What you have to do:
Every line of the entries below from the one containing "Гдз по русскому" to the one containing "- BRAND NEW", both ends included, must be written out exactly. No other line belongs in the answer.

Excerpted records:
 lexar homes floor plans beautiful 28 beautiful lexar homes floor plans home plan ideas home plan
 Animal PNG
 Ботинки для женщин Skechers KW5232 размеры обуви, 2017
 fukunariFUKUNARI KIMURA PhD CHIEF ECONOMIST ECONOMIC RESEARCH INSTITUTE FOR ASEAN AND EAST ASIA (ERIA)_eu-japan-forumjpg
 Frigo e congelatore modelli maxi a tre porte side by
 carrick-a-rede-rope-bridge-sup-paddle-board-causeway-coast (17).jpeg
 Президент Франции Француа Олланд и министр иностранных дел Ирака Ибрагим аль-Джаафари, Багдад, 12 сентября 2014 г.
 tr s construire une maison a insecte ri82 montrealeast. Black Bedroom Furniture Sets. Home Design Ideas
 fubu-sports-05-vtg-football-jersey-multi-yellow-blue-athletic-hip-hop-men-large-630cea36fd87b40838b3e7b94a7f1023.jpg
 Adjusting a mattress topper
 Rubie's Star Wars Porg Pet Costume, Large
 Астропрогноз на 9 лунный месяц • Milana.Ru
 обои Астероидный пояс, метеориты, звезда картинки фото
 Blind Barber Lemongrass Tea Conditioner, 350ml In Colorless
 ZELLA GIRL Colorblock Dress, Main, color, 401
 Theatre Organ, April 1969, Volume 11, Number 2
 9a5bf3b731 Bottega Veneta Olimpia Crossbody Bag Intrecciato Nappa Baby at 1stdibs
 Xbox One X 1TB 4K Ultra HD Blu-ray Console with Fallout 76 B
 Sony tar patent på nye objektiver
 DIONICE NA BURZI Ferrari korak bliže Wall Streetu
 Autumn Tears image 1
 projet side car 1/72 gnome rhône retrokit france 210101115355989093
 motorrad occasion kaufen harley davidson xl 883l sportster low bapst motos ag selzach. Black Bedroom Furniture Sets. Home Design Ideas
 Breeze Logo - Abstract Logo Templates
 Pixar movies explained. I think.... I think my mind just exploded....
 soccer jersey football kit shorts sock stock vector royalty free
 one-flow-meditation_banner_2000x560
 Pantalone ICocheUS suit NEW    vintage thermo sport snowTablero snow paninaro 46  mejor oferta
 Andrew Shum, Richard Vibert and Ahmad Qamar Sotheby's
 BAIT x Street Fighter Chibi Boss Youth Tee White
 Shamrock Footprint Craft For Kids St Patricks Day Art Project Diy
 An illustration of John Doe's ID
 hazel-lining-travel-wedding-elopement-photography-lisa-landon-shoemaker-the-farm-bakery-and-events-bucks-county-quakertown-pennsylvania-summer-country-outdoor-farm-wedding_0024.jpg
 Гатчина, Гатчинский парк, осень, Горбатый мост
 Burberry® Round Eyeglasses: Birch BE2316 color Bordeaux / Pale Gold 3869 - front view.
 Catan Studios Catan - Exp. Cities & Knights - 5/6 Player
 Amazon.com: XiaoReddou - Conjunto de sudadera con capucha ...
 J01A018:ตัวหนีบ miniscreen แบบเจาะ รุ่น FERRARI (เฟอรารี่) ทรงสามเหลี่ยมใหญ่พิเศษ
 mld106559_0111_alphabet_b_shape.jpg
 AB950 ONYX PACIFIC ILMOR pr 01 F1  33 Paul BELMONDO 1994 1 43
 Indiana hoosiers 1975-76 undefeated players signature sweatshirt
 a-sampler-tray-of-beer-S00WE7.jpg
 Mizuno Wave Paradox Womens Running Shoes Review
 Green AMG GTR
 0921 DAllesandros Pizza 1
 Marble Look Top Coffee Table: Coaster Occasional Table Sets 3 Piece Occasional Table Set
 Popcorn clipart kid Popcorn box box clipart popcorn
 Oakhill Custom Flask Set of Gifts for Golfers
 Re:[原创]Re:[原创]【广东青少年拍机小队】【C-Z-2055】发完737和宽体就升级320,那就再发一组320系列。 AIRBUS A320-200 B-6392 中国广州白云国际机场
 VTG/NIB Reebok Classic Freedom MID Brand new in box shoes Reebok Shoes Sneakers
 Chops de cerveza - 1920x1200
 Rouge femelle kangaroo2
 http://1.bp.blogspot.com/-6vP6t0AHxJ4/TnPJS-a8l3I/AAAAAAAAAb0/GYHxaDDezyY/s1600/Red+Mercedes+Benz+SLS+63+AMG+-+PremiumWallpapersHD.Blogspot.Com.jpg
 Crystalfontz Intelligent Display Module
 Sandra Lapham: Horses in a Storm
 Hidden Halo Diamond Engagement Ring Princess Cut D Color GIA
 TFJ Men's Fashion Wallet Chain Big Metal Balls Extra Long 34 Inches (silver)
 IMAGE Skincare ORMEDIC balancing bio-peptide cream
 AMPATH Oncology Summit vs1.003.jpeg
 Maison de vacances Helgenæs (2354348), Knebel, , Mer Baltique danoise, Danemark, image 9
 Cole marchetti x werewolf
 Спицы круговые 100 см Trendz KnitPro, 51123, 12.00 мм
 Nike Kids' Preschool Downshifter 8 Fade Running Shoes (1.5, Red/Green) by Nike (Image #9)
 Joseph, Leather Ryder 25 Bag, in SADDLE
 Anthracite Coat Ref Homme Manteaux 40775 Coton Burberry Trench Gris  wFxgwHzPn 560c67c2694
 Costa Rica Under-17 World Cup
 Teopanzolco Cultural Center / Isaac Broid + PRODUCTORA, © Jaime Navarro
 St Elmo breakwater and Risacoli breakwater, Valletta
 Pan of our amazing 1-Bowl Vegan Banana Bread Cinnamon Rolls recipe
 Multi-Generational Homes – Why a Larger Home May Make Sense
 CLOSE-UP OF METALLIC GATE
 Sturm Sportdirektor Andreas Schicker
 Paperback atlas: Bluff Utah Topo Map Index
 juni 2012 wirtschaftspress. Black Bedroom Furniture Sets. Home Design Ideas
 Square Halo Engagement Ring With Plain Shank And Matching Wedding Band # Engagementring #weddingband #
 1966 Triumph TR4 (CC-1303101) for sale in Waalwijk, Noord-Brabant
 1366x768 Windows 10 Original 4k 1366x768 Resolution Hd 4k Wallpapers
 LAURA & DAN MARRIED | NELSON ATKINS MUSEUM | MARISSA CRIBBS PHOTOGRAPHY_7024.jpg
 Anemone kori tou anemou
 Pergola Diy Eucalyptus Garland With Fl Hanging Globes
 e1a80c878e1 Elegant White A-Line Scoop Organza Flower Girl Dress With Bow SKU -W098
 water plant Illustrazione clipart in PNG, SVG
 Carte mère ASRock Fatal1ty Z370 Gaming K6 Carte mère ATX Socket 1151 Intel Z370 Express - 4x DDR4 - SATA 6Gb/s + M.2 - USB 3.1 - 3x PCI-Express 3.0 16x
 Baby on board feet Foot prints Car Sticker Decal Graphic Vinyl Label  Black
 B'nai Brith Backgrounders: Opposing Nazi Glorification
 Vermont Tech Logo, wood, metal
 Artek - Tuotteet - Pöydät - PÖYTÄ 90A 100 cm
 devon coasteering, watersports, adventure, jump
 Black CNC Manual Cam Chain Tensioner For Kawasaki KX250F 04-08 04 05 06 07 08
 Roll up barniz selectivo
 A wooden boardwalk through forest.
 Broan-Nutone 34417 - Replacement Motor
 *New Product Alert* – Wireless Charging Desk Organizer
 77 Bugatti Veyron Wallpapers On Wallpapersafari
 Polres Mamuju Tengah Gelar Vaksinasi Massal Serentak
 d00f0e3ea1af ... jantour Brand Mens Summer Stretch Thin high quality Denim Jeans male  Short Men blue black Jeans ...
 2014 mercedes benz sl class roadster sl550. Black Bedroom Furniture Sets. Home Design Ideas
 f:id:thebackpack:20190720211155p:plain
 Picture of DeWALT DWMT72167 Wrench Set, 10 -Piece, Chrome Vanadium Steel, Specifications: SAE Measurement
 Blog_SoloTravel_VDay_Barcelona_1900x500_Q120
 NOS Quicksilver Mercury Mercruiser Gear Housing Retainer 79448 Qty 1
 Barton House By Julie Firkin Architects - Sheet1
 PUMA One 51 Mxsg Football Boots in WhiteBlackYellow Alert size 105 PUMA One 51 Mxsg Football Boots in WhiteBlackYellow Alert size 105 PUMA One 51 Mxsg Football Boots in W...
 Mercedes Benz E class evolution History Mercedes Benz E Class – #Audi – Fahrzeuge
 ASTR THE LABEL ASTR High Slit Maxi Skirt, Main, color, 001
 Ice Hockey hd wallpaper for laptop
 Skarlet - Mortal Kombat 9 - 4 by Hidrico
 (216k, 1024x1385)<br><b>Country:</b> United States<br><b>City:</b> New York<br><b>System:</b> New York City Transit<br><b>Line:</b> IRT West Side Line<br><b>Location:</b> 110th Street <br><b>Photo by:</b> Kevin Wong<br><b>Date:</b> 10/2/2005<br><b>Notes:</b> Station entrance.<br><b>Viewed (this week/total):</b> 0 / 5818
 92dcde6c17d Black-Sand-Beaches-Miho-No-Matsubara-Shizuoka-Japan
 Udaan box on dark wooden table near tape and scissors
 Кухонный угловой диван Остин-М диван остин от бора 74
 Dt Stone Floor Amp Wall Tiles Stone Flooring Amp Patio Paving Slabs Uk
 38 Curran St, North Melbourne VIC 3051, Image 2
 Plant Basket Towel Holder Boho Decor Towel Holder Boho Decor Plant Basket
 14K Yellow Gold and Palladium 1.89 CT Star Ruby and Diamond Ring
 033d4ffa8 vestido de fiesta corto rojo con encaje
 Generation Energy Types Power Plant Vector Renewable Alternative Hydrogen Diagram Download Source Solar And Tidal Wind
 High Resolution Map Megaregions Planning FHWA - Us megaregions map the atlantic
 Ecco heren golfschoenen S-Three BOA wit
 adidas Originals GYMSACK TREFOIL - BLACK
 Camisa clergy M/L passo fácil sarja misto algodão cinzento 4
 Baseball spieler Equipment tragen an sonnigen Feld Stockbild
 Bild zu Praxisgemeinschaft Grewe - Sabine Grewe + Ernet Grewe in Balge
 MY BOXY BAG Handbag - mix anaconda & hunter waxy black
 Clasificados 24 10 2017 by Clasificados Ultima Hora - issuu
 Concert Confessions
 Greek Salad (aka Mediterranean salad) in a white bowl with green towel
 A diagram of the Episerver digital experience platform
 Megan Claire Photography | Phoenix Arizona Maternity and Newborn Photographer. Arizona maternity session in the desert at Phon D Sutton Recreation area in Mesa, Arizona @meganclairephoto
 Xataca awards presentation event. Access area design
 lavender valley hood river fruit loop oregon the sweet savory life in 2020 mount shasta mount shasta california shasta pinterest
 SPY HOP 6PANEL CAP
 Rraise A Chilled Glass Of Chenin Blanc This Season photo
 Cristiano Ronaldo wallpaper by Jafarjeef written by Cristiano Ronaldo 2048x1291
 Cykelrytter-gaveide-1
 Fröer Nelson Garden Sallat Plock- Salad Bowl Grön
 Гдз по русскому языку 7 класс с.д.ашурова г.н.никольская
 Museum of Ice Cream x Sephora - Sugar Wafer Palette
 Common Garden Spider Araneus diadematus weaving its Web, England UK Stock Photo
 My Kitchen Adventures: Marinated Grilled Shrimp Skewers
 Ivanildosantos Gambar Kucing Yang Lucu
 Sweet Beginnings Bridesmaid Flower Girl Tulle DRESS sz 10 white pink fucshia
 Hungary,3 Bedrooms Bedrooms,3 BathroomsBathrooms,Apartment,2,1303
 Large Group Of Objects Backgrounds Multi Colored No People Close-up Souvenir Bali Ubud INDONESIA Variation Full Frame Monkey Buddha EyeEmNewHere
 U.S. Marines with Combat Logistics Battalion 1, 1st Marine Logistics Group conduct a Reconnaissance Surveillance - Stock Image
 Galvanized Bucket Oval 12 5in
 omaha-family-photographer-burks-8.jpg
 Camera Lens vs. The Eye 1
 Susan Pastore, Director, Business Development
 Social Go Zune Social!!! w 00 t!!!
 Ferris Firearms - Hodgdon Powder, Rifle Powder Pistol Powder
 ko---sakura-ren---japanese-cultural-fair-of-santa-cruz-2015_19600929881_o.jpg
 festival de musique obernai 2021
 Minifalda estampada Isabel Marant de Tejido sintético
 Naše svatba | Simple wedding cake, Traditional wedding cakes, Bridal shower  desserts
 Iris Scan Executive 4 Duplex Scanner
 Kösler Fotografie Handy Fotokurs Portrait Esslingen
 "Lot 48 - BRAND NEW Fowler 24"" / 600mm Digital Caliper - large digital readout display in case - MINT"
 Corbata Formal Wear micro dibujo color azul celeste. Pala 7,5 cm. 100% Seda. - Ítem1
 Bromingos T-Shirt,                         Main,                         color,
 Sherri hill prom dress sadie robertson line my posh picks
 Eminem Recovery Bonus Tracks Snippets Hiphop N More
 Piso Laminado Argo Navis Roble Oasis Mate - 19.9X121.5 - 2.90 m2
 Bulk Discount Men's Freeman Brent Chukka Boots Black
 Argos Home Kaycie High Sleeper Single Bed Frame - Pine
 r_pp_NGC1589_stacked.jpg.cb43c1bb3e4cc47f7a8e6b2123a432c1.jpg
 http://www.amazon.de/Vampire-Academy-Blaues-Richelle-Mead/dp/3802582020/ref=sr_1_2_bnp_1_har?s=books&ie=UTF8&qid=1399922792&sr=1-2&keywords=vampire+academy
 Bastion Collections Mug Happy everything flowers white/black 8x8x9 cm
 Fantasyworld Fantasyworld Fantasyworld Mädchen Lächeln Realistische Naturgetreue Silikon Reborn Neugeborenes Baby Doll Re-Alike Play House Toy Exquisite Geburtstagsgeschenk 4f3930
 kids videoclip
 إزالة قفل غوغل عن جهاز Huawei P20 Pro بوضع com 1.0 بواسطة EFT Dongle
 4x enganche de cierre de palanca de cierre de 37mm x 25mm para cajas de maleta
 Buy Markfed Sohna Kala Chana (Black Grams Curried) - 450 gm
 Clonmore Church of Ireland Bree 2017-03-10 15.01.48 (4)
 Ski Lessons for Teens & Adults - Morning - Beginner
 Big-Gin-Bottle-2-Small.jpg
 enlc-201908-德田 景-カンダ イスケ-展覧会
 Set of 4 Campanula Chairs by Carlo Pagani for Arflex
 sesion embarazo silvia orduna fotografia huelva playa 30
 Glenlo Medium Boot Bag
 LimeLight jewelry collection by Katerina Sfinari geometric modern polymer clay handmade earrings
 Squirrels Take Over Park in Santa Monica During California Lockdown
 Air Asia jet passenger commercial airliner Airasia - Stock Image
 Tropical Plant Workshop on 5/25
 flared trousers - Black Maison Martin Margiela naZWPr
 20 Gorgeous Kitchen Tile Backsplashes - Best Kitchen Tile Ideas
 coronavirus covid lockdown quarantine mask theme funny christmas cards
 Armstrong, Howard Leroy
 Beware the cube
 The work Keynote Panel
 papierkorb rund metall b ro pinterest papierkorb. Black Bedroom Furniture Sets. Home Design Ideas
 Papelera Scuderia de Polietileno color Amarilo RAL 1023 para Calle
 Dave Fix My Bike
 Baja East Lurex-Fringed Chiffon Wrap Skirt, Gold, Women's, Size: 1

Response for this exercise:
 Гдз по русскому языку 7 класс с.д.ашурова г.н.никольская
 Museum of Ice Cream x Sephora - Sugar Wafer Palette
 Common Garden Spider Araneus diadematus weaving its Web, England UK Stock Photo
 My Kitchen Adventures: Marinated Grilled Shrimp Skewers
 Ivanildosantos Gambar Kucing Yang Lucu
 Sweet Beginnings Bridesmaid Flower Girl Tulle DRESS sz 10 white pink fucshia
 Hungary,3 Bedrooms Bedrooms,3 BathroomsBathrooms,Apartment,2,1303
 Large Group Of Objects Backgrounds Multi Colored No People Close-up Souvenir Bali Ubud INDONESIA Variation Full Frame Monkey Buddha EyeEmNewHere
 U.S. Marines with Combat Logistics Battalion 1, 1st Marine Logistics Group conduct a Reconnaissance Surveillance - Stock Image
 Galvanized Bucket Oval 12 5in
 omaha-family-photographer-burks-8.jpg
 Camera Lens vs. The Eye 1
 Susan Pastore, Director, Business Development
 Social Go Zune Social!!! w 00 t!!!
 Ferris Firearms - Hodgdon Powder, Rifle Powder Pistol Powder
 ko---sakura-ren---japanese-cultural-fair-of-santa-cruz-2015_19600929881_o.jpg
 festival de musique obernai 2021
 Minifalda estampada Isabel Marant de Tejido sintético
 Naše svatba | Simple wedding cake, Traditional wedding cakes, Bridal shower  desserts
 Iris Scan Executive 4 Duplex Scanner
 Kösler Fotografie Handy Fotokurs Portrait Esslingen
 "Lot 48 - BRAND NEW Fowler 24"" / 600mm Digital Caliper - large digital readout display in case - MINT"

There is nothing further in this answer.